Around the Administration

Fauci Says U.S. Is Turning the Corner: The U.S. is turning the corner on the most recent surge in Covid-19 cases but more people need to get vaccinated to keep infections on a declining trend, infectious disease specialist Anthony Fauci said. Fauci, chief medical adviser to Biden, said that while the full-vaccination rate has hit 55%, the key risk is the 70 million eligible people in the U.S. who haven’t gotten a shot. “We certainly are turning the corner on this particular surge,” Fauci told ABC. Read more from Max Reyes.

  • U.S. Supreme Court Justice Sonia Sotomayor let New York City start enforcing its requirement that school employees be vaccinated against Covid-19 or lose their jobs, rejecting a bid by four teachers and staff members who sought to block the mandate. Sotomayor, who is assigned to consider emergency requests out of the New York-based 2nd U.S. Circuit Court of Appeals, made no comment in turning down the emergency request. Read more from Kimberly Robinson and Greg Stohr.

U.S. Urges China to Halt Military Moves on Taiwan: The U.S. called on China to halt its “provocative” pressure on Taiwan after a record number of incursions by Chinese warplanes, saying the actions are destabilizing and risk leading to “miscalculations.” The U.S. commitment to Taiwan “is rock solid and contributes to the maintenance of peace and stability across the Taiwan Strait and within the region,” State Department spokesman Ned Price said in a statement yesterday. Cindy Wang and Jacob Gu have more.

  • Meanwhile, the Biden administration will directly engage with Beijing in the coming days to enforce commitments in their trade deal and start a new process to exclude certain products from U.S. tariffs in an effort to help American workers and businesses, top administration officials said. U.S. Trade Representative Katherine Tai is scheduled to speak to Chinese Vice Premier Liu He soon, the first meeting where she will mainly stress China’s shortfalls in the agreement struck with Trump. Read more from Jenny Leonard.

France’s Le Drian to Hold Talks With Blinken: French Minister of Foreign Affairs Jean-Yves Le Drian is expected to hold talks with U.S. Secretary of State Antony Blinken in Paris tomorrow, in a bid to improve ties after the recent diplomatic crisis between the two countries. The two ministers will hold in-depth talks “in order to identify the steps that could allow the restoration of confidence between our two countries,” French Foreign Ministry spokeswoman Anne-Claire Legendre said in a statement. Blinken is visiting Paris this week for meetings at the Organization for Economic Cooperation and Development. Read more from Alexandre Rajbhandari.

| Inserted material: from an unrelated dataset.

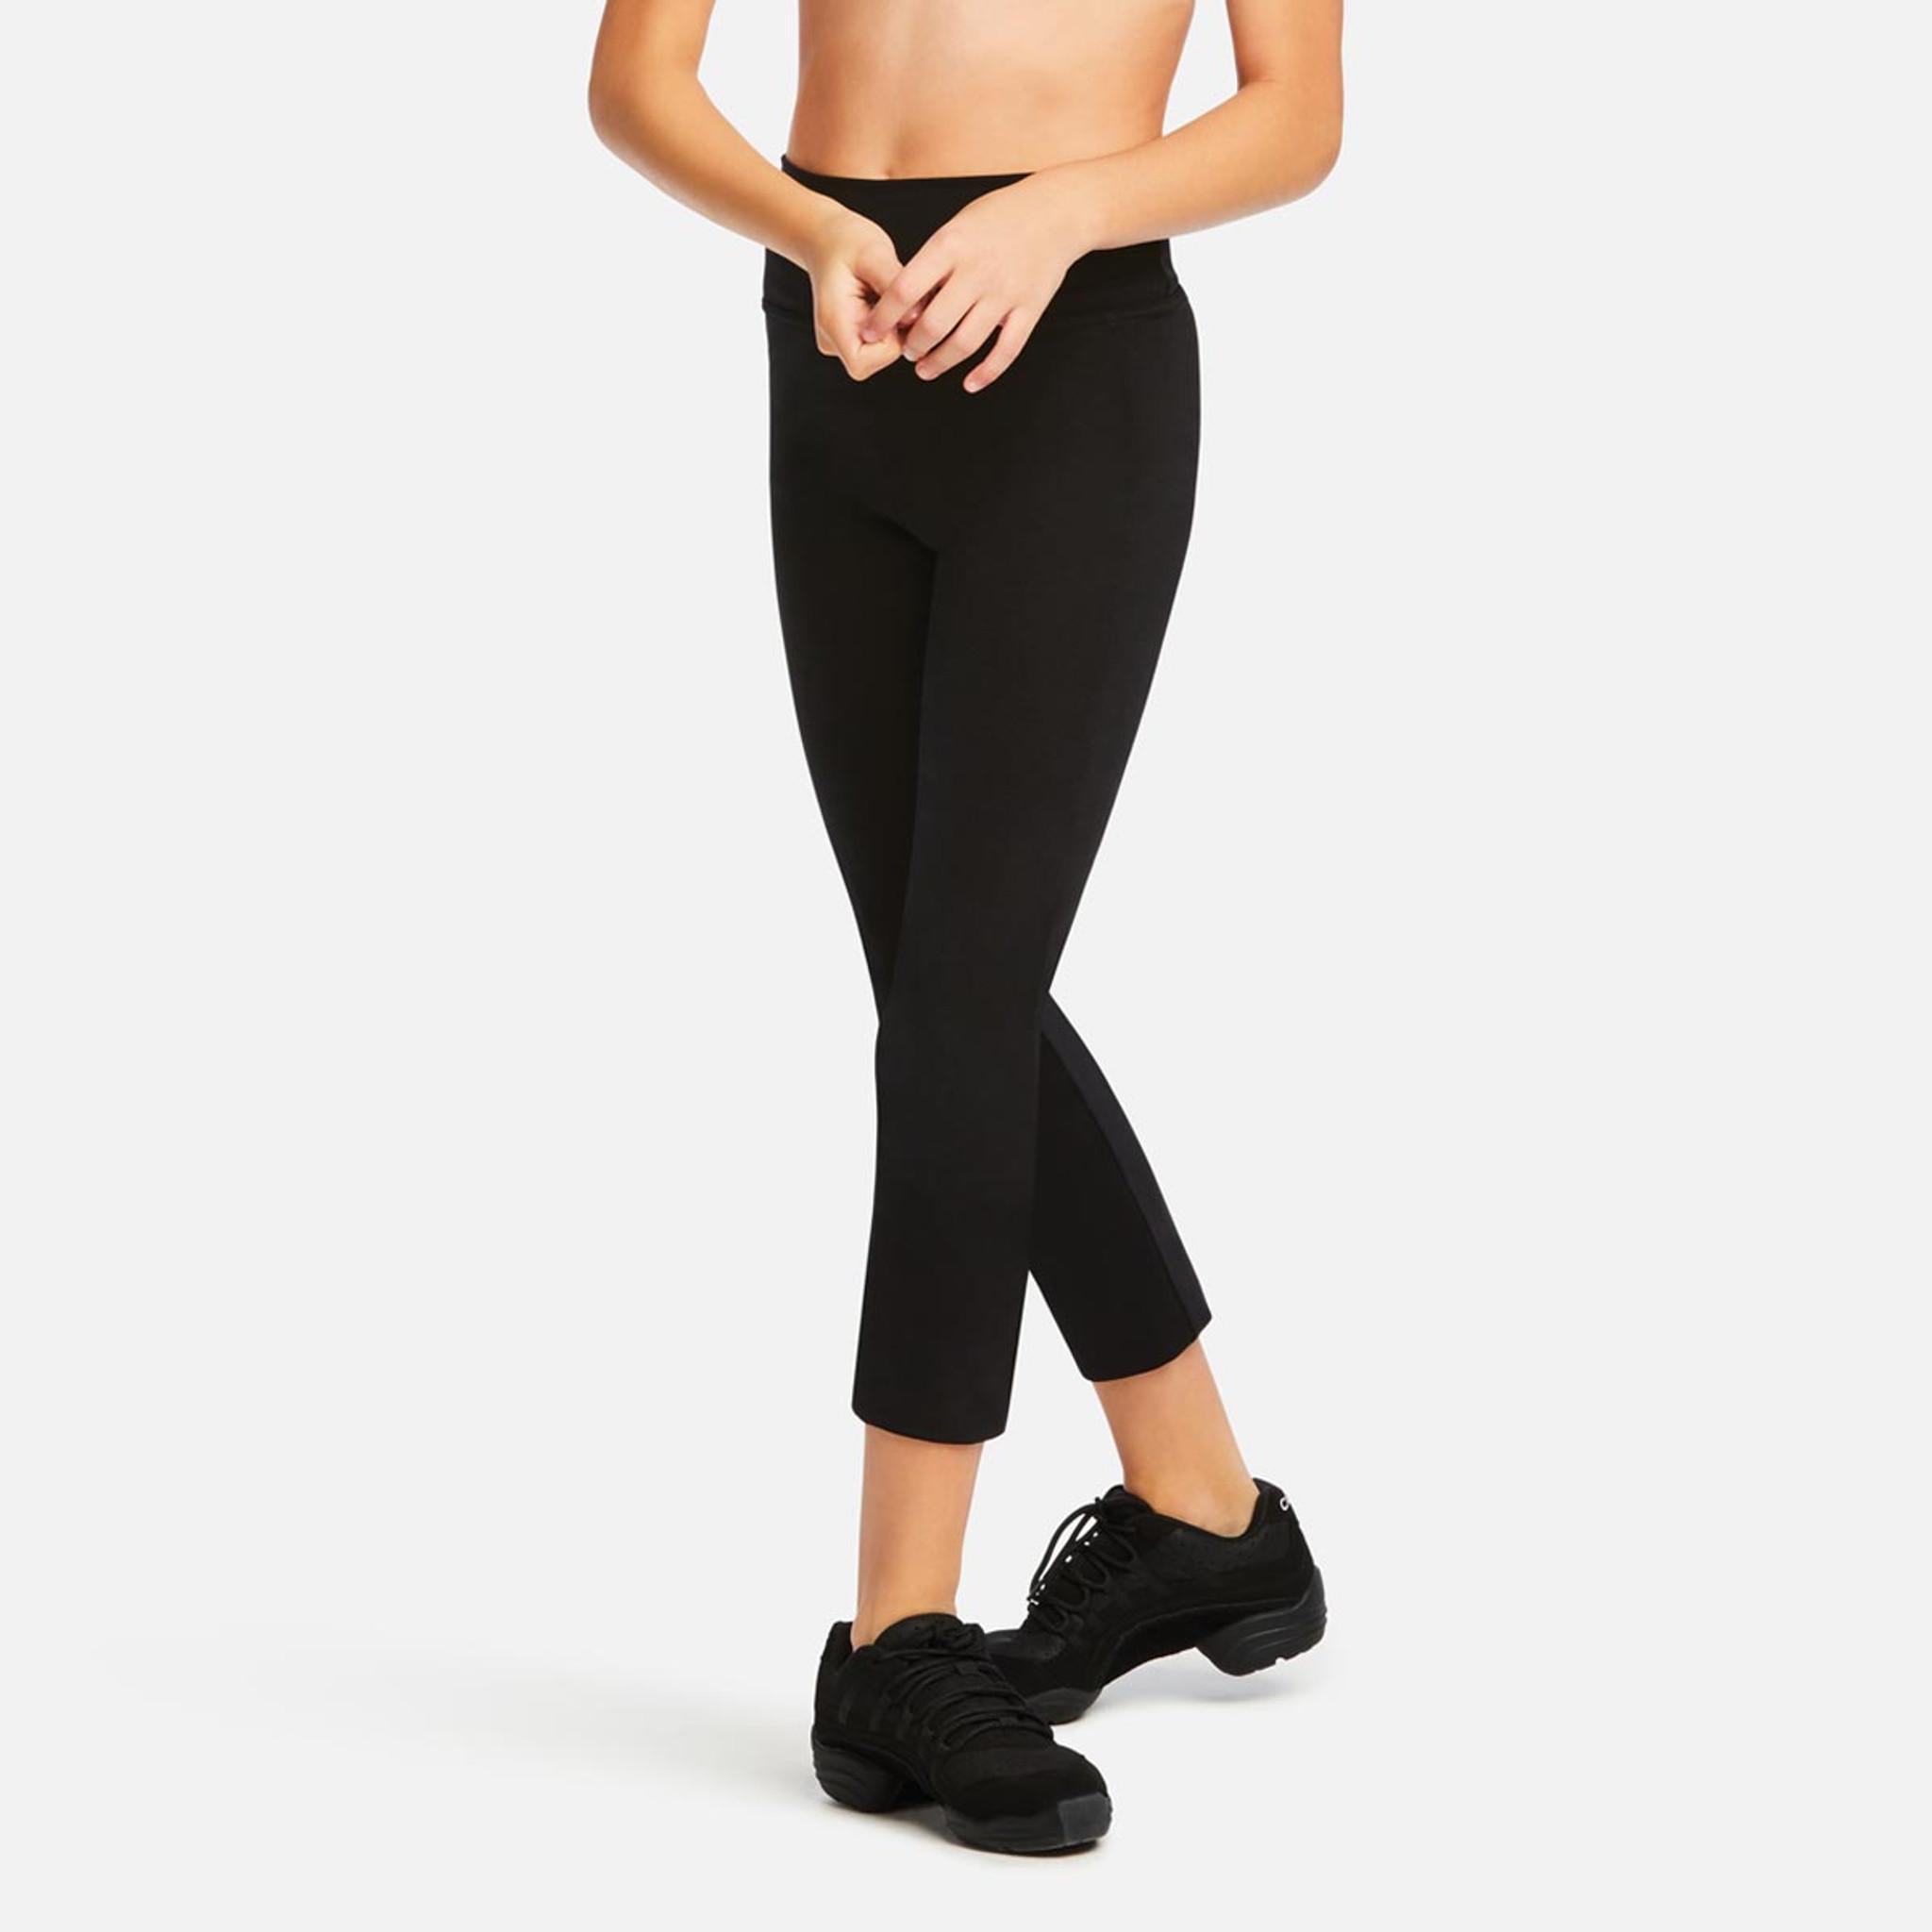 8633c286e Capezio High Waist Tights - Girls Activewear Legging - DANCE DIRECT®

Iran Says Freeing Oil Money Could Revive Talks: Iran said its demand that the U.S. unblocks $10 billion of its oil funds trapped overseas is “one example” of what Washington could do to generate good will before big-power talks aimed at reviving the 2015 nuclear deal can restart, the country’s foreign ministry spokesman said today. “The U.S. can show that it’s changing its actions in many ways. Releasing $10 billion of our money is just one example,” Saeed Khatibzadeh said. Read more from Yasna Haghdoost.

The Biggest Revelations From the Pandora Papers Leak: An unprecedented leak of financial records known as the Pandora Papers has revealed the offshore financial assets of dozens of current and former world leaders and hundreds of politicians from Asia and the Middle East to Latin America. The International Consortium of Investigative Journalists obtained 11.9 million confidential documents from 14 separate legal and financial services firms, which the group said offered “a sweeping look at an industry that helps the world’s ultrawealthy, powerful government officials and other elites conceal trillions of dollars from tax authorities, prosecutors and others.” Iain Marlow examines some of the biggest revelations in the release.